I have kept bolivian rams with large amano shrimp with no issues. they will attack small shrimp. they never bothered my other fish including very small killis, very small tetras, angelfish, plecos, corys, loaches.

One of the mellowest fish I've ever seen. I'm not sure they're really capable of hurting another fish. It just isn't in them. I wouldn't worry if I were you. They are harmless. certainly less dangerous than even serpae tetras.


----------



## iLuvAngels (May 14, 2008)

My Seprae Tetras chase each other all the time but they also swim together sometimes. I didn't know that they did that until after I put them in the tank! Fortunately they don't mess with any of my other fish, just each other. I have had many people tell me that if I get a small cichlid then that may calm them down a little bit. I had planned on getting a pair of Bolivian Rams anyway so I am hoping that once they are added to the tank then maybe those fiesty little guys will calm down a little bit.

They have been in the tank for over two months and are doing fine. No injuries, they all eat well, leave the other fish alone and have beautiful colors. I figure it is just their nature so I am just leaving them in there. They do liven up my tank a bit.


----------



## Dutch Dude (Sep 14, 2006)

To the Bolivians those shrimp are just giant lobsters. So don't blame them from snacking. I kept Bolivians for years with a large group of cherry shrimp. The Bolivians kept the number "down" to +/- 200 shrimp.

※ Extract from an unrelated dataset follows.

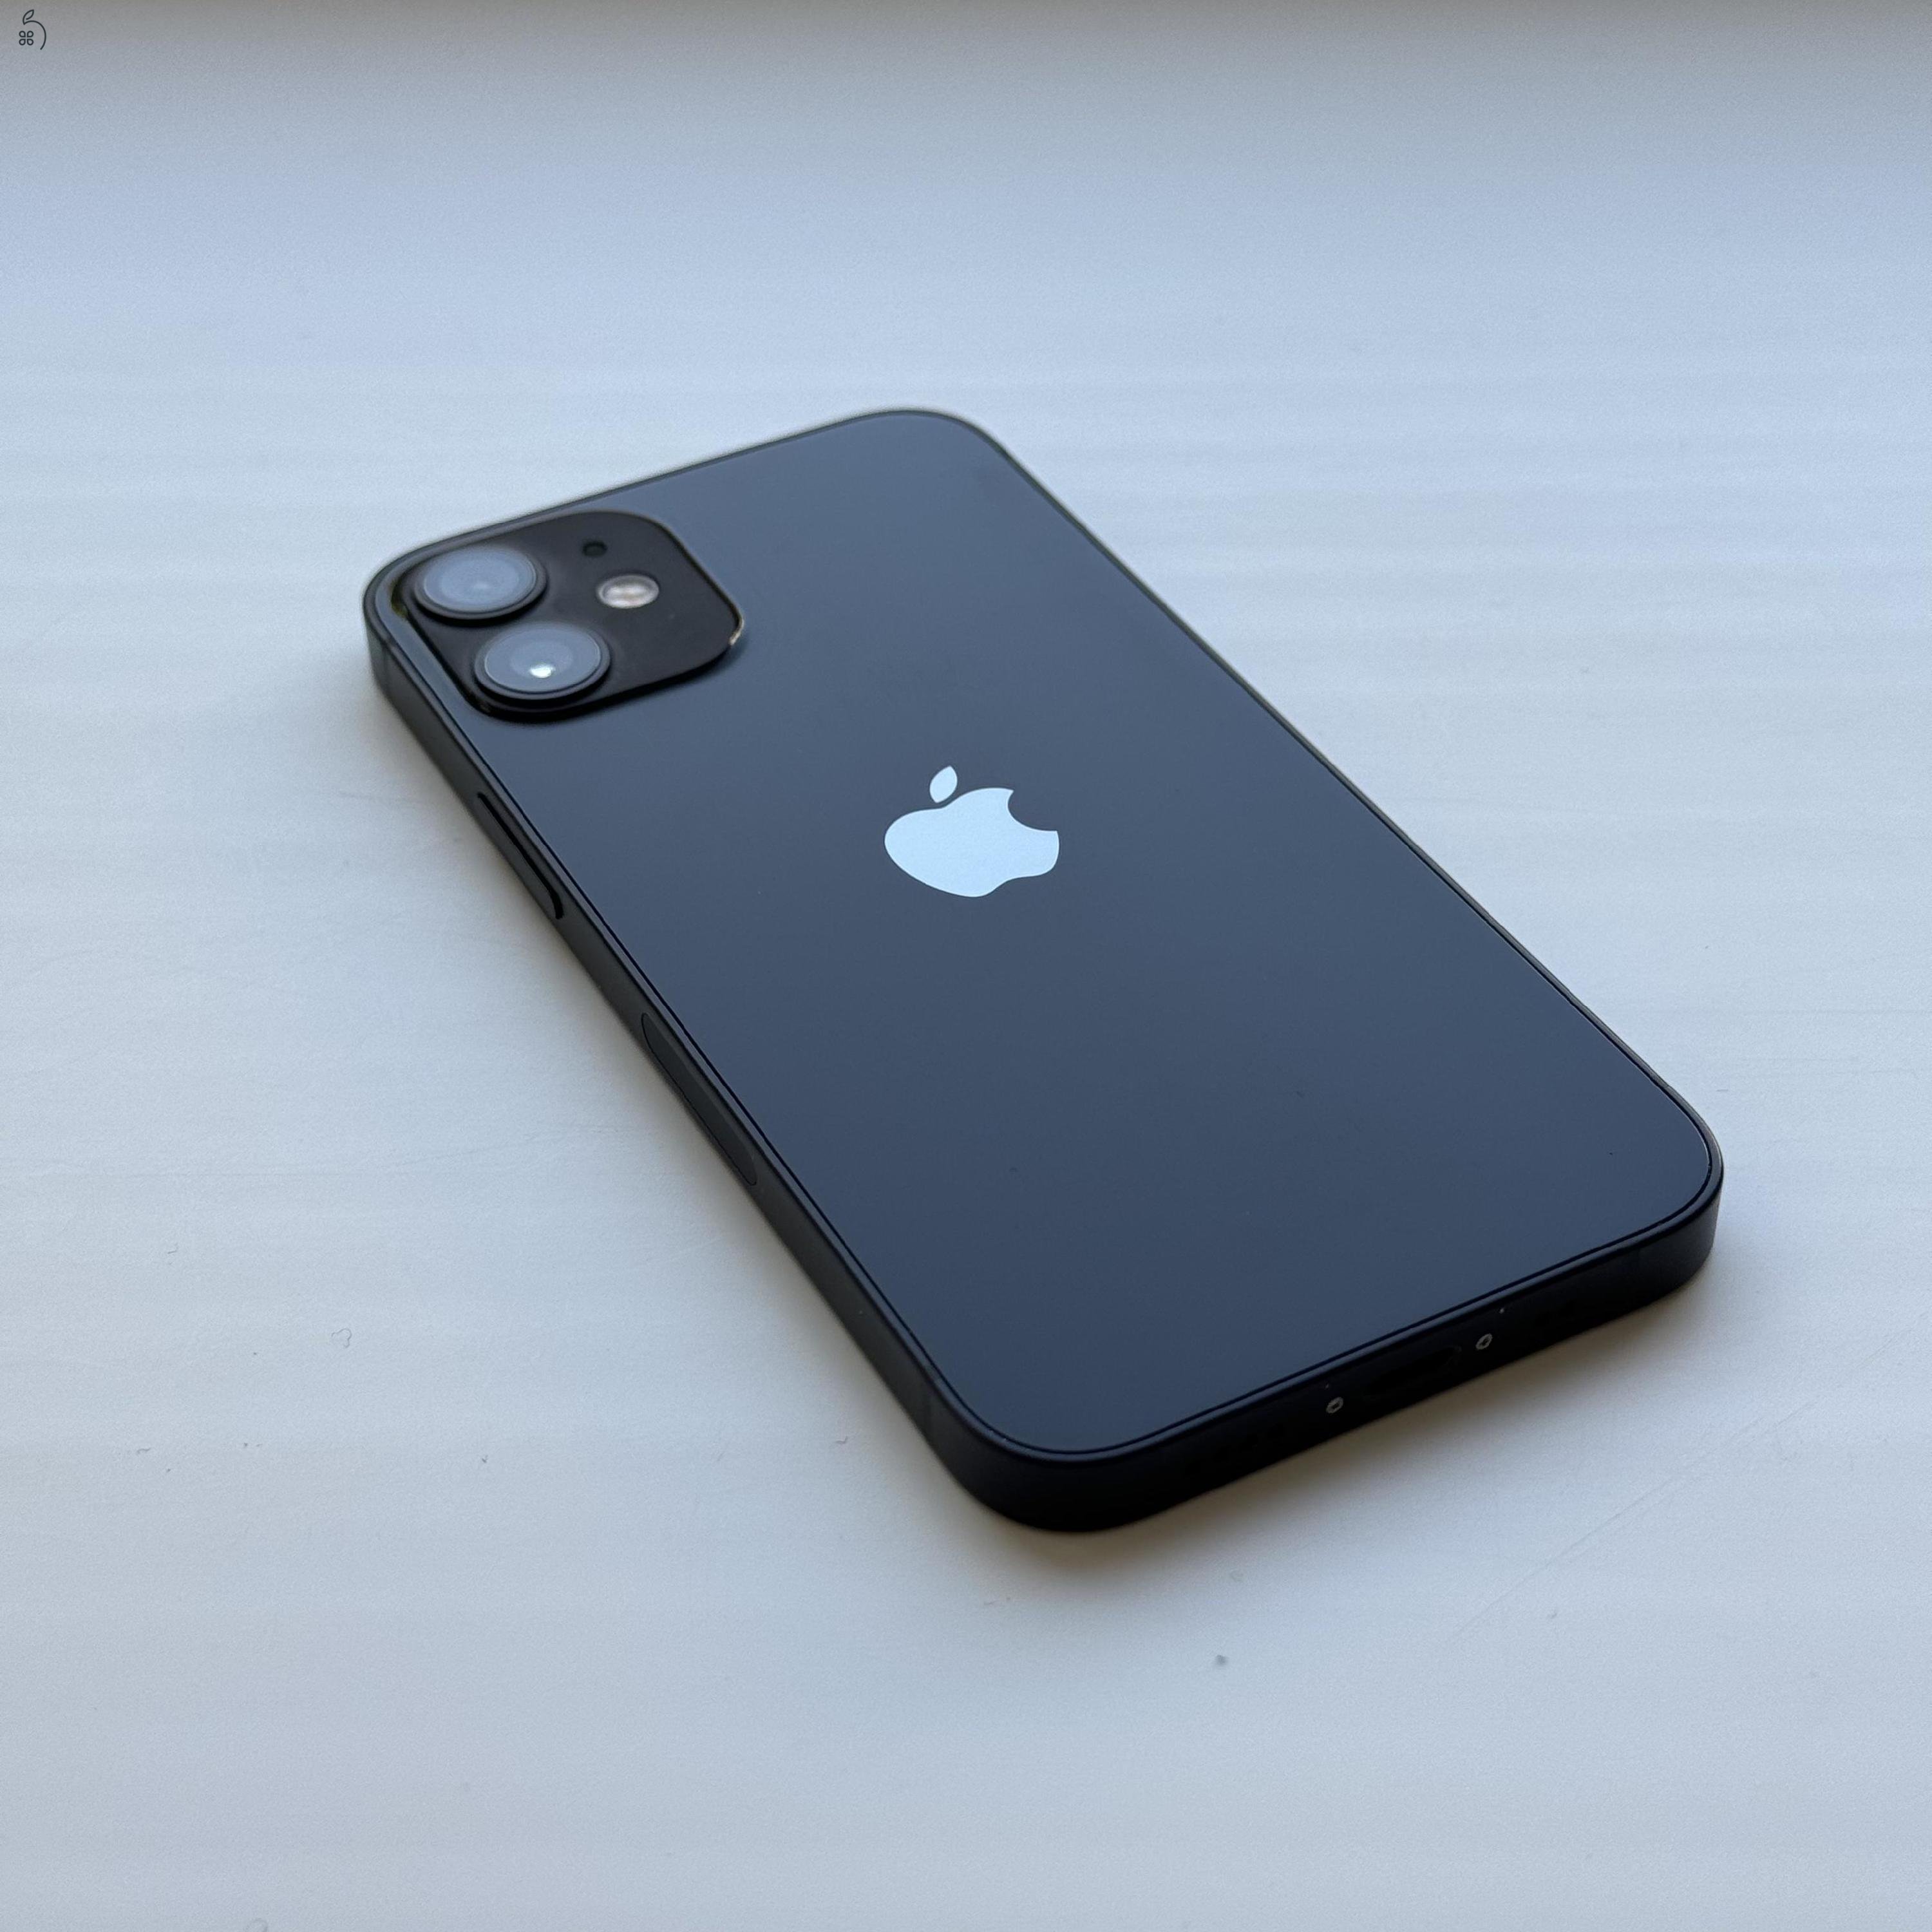 GYÖNYÖRŰ iPhone 12 mini 64GB Black - Kártyfüggetlen, 1 ÉV GARANCIA, 84% Akkumulátor
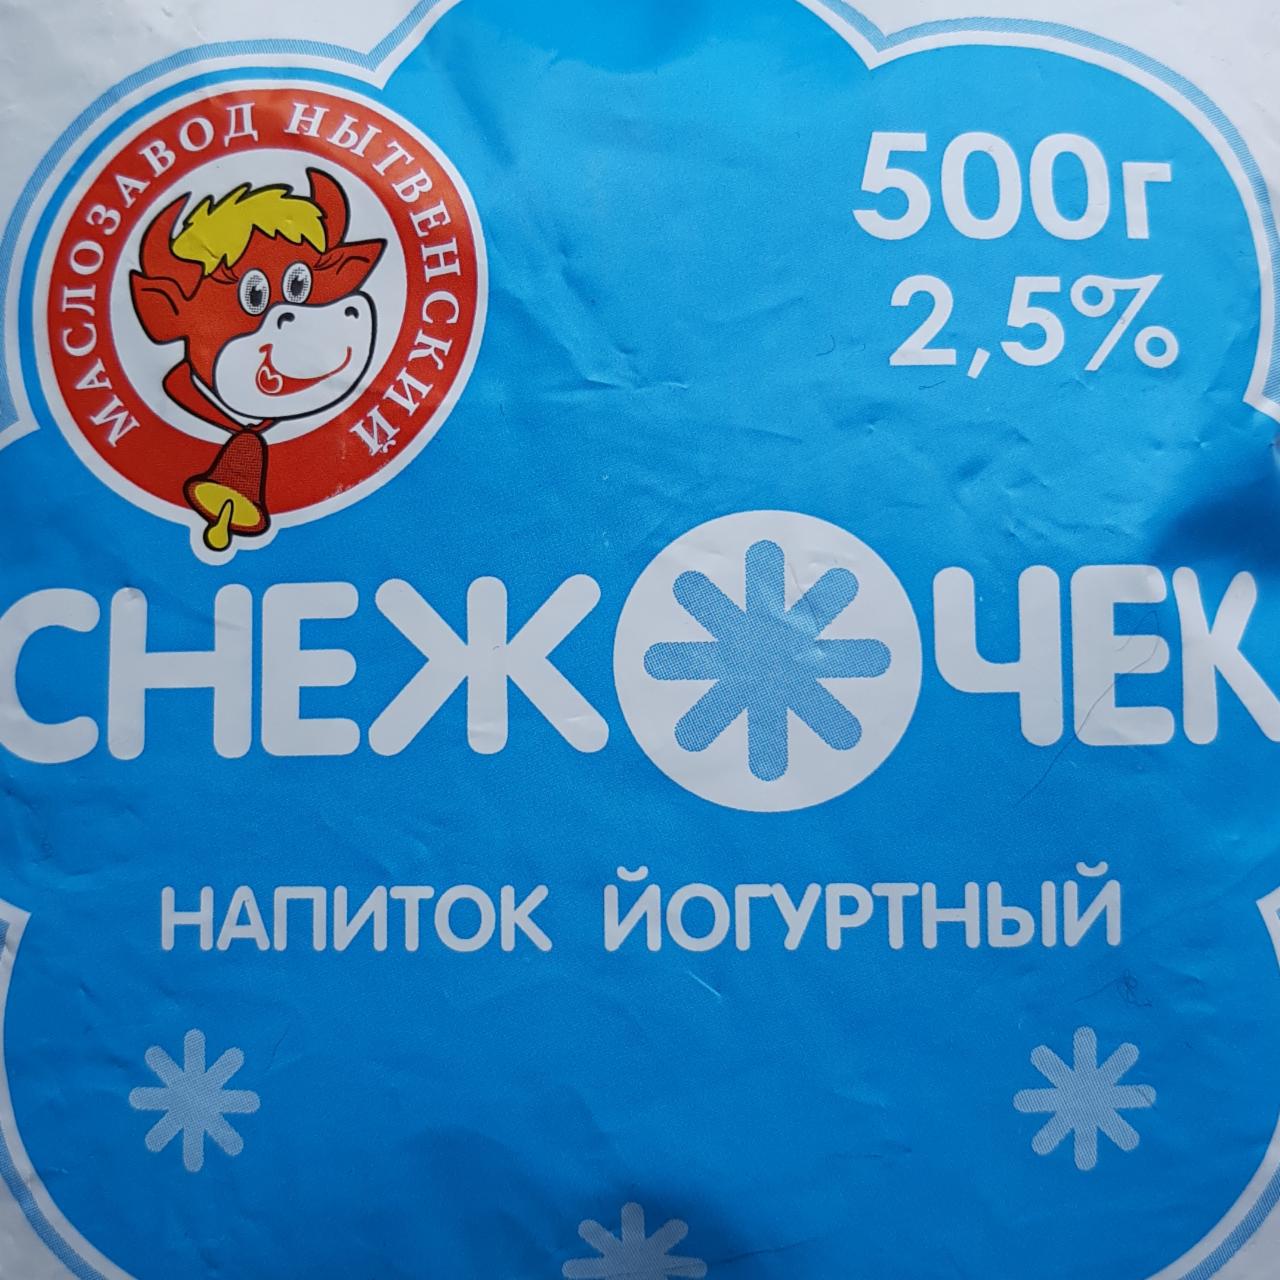 Фото - йогуртный напиток снежочек 2,5% Нытвенский маслозавод

Bolivians are suitable for a communety tank. They won't bother tetras but might have issues with cories. Cories often want to snack eggs so they get chased roughly by the Bolivians in order to protect their spawn. Bolivians should be kept in small group of 5 fish or more just like their big relatives Geophagus. You can check the BRC thread for tons on info.


----------



## zaky9 (Feb 14, 2010)

Thanks everyone, but now all of the shrimp have been eaten  . The rams are doing fine though.


----------



## DeadFishFloating (Oct 9, 2007)

ROTFLMAO

I'm sorry, but what did you expect putting cichlids in with small shrimp. Of course they were going to eat the shrimp. Bolivian rams are excellent cichlids for a non aggressive community tank. They do prefer to to be in a school of atleast 5 or more. What are the dimensions of your tank?


----------



## leopartner123 (Jun 29, 2009)

I have bolivian rams with Amano shrimp, Cherry shrimp, Ottos, Juli Cories, Cardinal tetras and there is no aggression towards any of them. I wish I could take a video of what i saw the other night. I was Feeding them sinking food for a snack and the largest shrimp and a bolivian ram both ran after one. The shrimp eventually back down but there was no aggression.


----------



## Darkside (Feb 6, 2008)

DeadFishFloating said:


> ROTFLMAO
> 
> I'm sorry, but what did you expect putting cichlids in with small shrimp. Of course they were going to eat the shrimp. Bolivian rams are excellent cichlids for a non aggressive community tank. They do prefer to to be in a school of atleast 5 or more. What are the dimensions of your tank?


What's funny is that my Dicrossus, completely ignore ghost shrimp, but my tiny lampeyes demolish them as soon as they molt. No shrimp for me.


----------